<<<<

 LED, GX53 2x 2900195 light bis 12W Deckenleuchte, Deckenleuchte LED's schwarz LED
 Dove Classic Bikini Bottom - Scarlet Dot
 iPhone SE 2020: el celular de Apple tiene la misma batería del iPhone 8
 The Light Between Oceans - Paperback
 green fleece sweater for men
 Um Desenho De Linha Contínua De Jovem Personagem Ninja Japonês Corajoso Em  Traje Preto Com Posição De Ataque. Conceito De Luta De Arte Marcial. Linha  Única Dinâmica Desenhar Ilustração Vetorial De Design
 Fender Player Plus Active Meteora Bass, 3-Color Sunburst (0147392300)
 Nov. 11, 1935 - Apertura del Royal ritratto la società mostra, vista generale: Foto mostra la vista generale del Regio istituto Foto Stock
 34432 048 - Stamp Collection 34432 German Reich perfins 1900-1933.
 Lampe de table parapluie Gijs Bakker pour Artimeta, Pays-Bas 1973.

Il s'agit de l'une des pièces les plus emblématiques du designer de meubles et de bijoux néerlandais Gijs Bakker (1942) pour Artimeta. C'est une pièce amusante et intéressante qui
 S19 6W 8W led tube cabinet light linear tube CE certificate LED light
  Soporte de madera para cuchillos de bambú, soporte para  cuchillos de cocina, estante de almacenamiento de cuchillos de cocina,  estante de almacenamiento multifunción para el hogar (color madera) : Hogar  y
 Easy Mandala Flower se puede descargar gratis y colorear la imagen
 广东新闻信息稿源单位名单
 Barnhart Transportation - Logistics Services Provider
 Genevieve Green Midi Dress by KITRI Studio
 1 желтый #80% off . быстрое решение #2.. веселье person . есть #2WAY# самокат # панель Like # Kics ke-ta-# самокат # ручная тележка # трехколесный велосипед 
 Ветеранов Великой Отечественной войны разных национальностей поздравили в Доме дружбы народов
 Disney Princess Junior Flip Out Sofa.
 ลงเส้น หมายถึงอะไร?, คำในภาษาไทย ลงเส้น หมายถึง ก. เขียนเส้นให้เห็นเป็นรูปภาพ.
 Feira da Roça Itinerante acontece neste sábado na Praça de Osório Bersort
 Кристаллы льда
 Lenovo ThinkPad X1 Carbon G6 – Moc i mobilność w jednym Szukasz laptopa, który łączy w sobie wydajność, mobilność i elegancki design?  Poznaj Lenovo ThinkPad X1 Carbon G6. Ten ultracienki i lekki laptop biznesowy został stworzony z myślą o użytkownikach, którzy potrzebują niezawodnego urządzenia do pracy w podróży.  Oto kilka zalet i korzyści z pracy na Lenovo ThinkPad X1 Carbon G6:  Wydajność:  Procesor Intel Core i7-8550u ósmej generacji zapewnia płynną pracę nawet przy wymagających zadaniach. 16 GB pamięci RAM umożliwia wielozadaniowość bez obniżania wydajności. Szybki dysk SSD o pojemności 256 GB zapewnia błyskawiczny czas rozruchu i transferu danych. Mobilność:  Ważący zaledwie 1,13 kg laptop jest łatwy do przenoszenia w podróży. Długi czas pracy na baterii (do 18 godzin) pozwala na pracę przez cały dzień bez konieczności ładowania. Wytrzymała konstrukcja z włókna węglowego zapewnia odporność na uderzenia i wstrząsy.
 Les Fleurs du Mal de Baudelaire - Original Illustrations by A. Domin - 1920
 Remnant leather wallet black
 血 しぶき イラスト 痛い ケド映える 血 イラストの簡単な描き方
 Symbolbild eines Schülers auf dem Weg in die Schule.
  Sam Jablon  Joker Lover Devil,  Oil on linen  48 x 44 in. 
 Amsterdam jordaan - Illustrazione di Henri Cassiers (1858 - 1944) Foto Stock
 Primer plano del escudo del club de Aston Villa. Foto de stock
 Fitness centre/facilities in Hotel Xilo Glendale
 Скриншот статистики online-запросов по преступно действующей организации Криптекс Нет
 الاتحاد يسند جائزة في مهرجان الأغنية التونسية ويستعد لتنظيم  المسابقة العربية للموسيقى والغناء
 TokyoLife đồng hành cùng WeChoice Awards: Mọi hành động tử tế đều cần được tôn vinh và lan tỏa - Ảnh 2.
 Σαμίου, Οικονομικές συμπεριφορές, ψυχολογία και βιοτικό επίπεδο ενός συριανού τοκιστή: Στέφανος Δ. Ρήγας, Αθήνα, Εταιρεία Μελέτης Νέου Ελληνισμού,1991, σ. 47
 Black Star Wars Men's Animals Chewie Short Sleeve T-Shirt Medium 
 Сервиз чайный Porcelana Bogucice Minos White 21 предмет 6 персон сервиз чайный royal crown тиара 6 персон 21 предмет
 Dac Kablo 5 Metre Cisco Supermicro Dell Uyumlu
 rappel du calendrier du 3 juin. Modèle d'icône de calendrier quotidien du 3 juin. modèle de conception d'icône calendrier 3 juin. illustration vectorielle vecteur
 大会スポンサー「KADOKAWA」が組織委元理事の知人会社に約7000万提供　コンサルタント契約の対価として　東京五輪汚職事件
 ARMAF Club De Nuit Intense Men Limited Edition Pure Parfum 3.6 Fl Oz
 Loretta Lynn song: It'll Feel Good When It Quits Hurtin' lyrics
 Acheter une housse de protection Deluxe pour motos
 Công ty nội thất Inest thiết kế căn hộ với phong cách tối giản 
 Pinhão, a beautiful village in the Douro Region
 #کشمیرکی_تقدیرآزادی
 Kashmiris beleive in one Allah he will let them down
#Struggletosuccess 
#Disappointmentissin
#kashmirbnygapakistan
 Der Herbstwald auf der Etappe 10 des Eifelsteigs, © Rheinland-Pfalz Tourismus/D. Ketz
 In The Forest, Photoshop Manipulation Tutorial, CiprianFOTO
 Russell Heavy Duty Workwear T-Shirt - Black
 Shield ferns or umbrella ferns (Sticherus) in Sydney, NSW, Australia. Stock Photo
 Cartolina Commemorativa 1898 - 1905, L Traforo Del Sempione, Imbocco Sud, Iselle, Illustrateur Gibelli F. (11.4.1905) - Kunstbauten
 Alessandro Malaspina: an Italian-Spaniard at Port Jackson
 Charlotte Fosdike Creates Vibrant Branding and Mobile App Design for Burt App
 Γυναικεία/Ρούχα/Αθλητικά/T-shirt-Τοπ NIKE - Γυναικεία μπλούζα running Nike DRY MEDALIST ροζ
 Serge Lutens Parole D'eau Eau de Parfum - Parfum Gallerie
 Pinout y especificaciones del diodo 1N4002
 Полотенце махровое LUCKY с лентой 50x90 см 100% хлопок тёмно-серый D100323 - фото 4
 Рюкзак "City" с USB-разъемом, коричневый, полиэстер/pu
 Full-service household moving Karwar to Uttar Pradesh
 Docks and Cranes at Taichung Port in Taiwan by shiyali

>>>>

→ **Exercise directions**: Only the lines above from the line with "TokyoLife đồng hành" to the line with "Dac Kablo 5", those two lines included, should be reproduced exactly.

→ **Solution for this task**:
 TokyoLife đồng hành cùng WeChoice Awards: Mọi hành động tử tế đều cần được tôn vinh và lan tỏa - Ảnh 2.
 Σαμίου, Οικονομικές συμπεριφορές, ψυχολογία και βιοτικό επίπεδο ενός συριανού τοκιστή: Στέφανος Δ. Ρήγας, Αθήνα, Εταιρεία Μελέτης Νέου Ελληνισμού,1991, σ. 47
 Black Star Wars Men's Animals Chewie Short Sleeve T-Shirt Medium 
 Сервиз чайный Porcelana Bogucice Minos White 21 предмет 6 персон сервиз чайный royal crown тиара 6 персон 21 предмет
 Dac Kablo 5 Metre Cisco Supermicro Dell Uyumlu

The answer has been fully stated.